Но Златига набычился, смотрел исподлобья.
– Мне велено докладывать, вот и пойду. Отчитаюсь.
– Ага. Да только есть у меня к тебе дело. Выяснить нужно кое-что. Я мог бы и сам сходить, ну да и тут есть чем заняться. А ты парень толковый, так что вызнай для меня… – Он склонился к Златиге, стал пояснять негромко.
Тут как раз Голица поднялась на гульбище, держалась привычно, властно приказала, чтобы не толпились на пути, она сейчас накрывать на стол будет. Если бы не ее покрасневшие от слез глаза, то и не скажешь, что стряпуха кого-то недавно оплакивала. А ведь оплакивала. Люди здесь все друг дружку знали, не чужими были. А тут еще и смертоубийство.
Озар смотрел, как Голица и служанки суетятся, видел с гульбища, как во двор вошел Бивой с корзиной рыбы и чернавка Любуша остановила его, огорошив новостью. Бивой даже охнул, корзину чуть не уронил. Потом поставил свою ношу на землю и, поразмыслив, пошел закрывать ворота. Златига как раз вышел наружу, и Бивой стал сдвигать тяжелые створки. Оно и верно, нечего кому попало во двор заглядывать. И так со всеми этими делами дворовые не побеспокоились закрыться от посторонних. И как это рачительная Яра подобное проглядела?
Глава 7
Мирина не пожелала явиться к завтраку, и Вышебор опять приказал усадить себя во главе стола. Это сразу подняло ему настроение, он улыбался, даже когда расспрашивал о том, как погиб Жуяга.
– Буран вполне мог его затоптать, если холоп уснул в стойле, – заявил он. – Вон как ночью грохотало в поднебесье. Это Перун лютовал на христиан, не так ли, Озар-кудесник?
– Перун не лютует, а показывает свою мощь, – отозвался волхв. – Ее трудно не заметить всякому. А еще Перун несет влагу и плодородие земле, убивает всякую нечисть.

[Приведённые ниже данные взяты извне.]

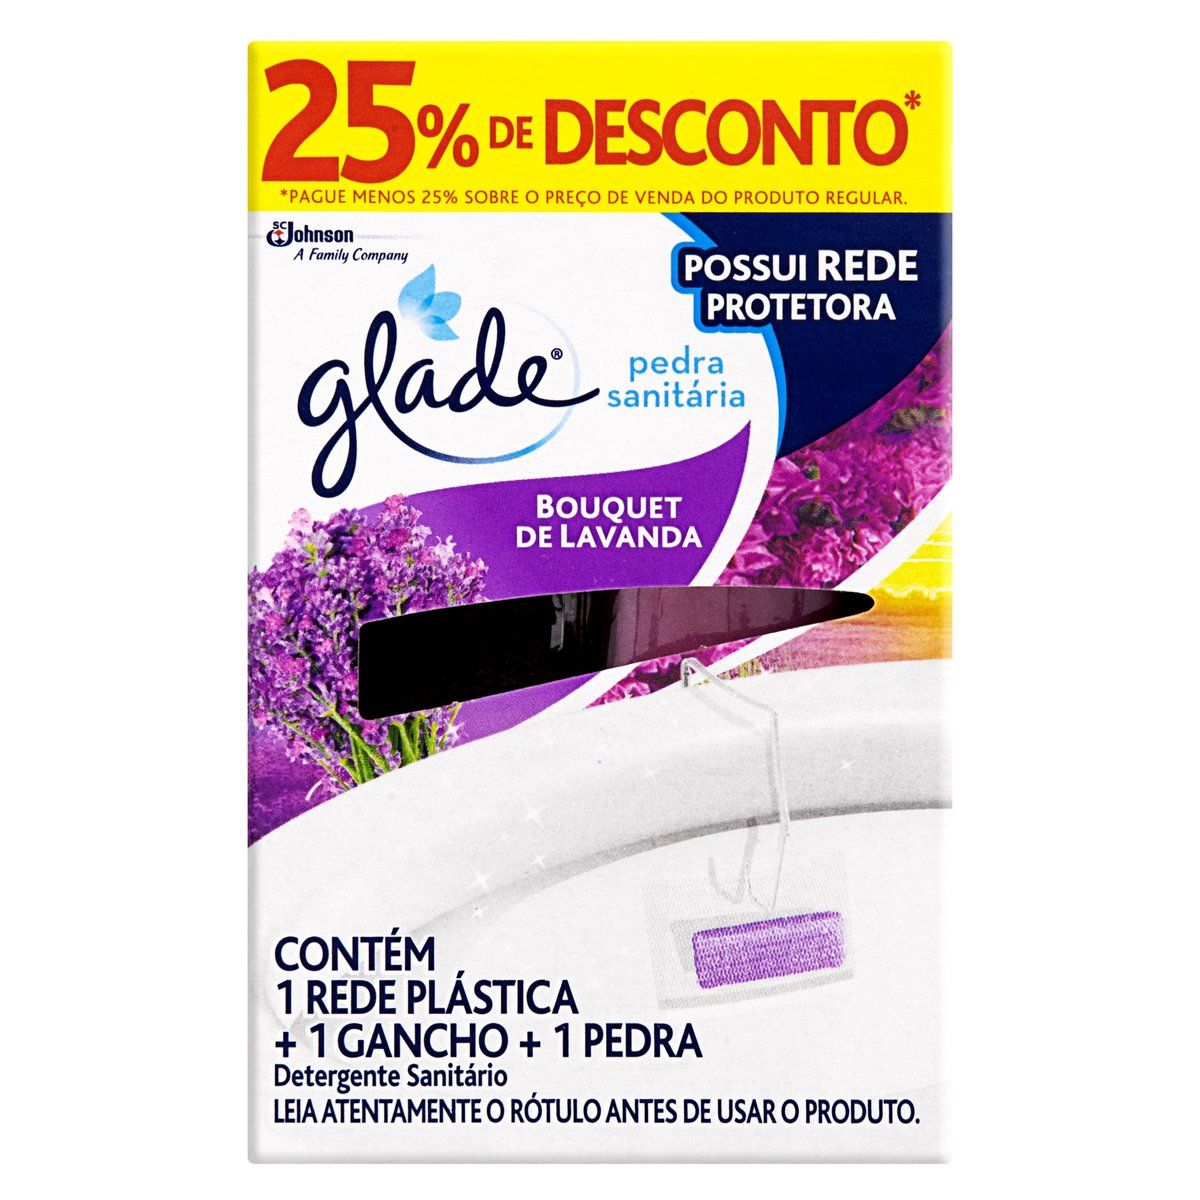 Detergente Sanitário Pato Pedra Bouquet de Lavanda Grátis 25% de Desconto
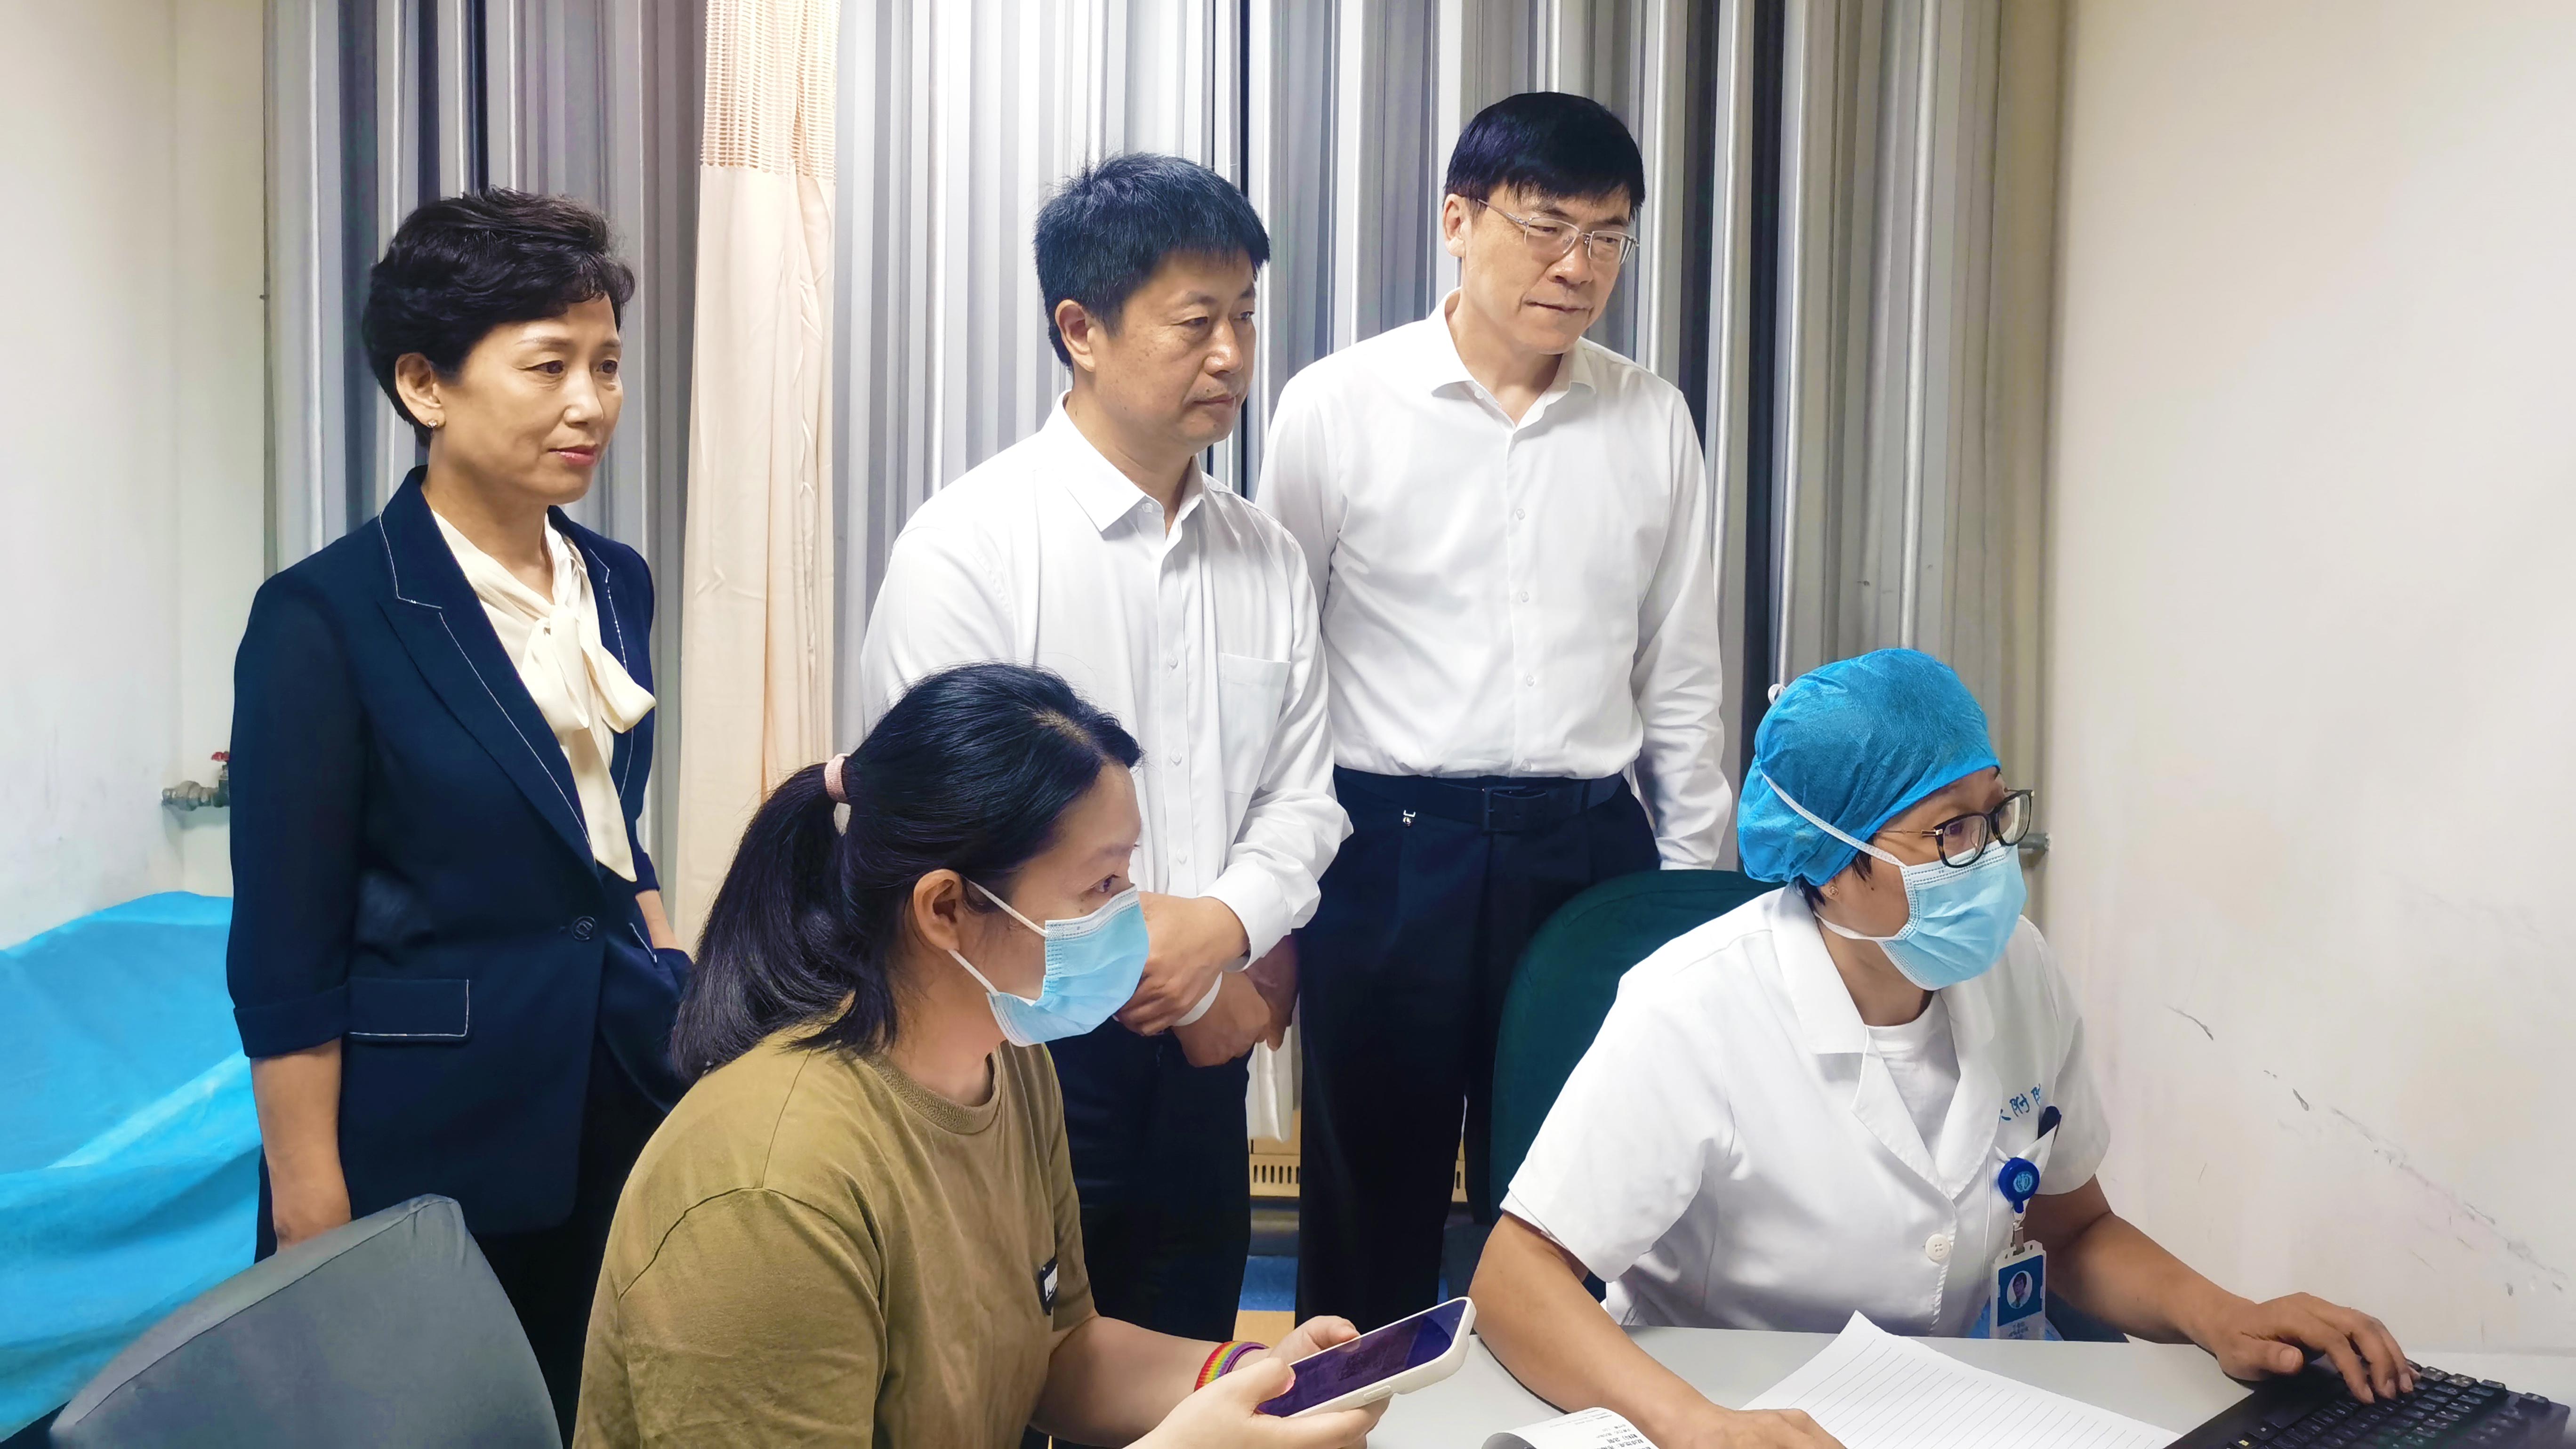 国家医保局党组成员、副局长黄华波来鲁调研医保信息化标准化工作

– Вот он и убил копытами Бурана бедного Жуягу, – подытожил Вышебор. – И говорить о том больше нечего. Зато теперь холопа обернут саваном и отнесут на Поле вне града. Кургана могильного он, конечно, не получит, зато попы его отпоют как должно. Говорят, на том свете любой верующий, даже раб, будет принят добрым Господом. Хотя я и не знаю, насколько Жуяга заслужил подобной милости. Крестился-то он лишь по приказу Дольмы. Это Бивой постоянно ходил за моим братом к церкви, якобы свиту составлял, а на деле слушал, что там попы толкуют. Нравилось ему, что они рассказывают о добром и всемогущем Боге.
Озар с удивлением посмотрел на Бивоя:
– Ты что, и правда слушал проповеди христианских попов, парень?
Бивой отложил ложку, какой хлебал маслянистую овсяную кашу, вытер капли с усов.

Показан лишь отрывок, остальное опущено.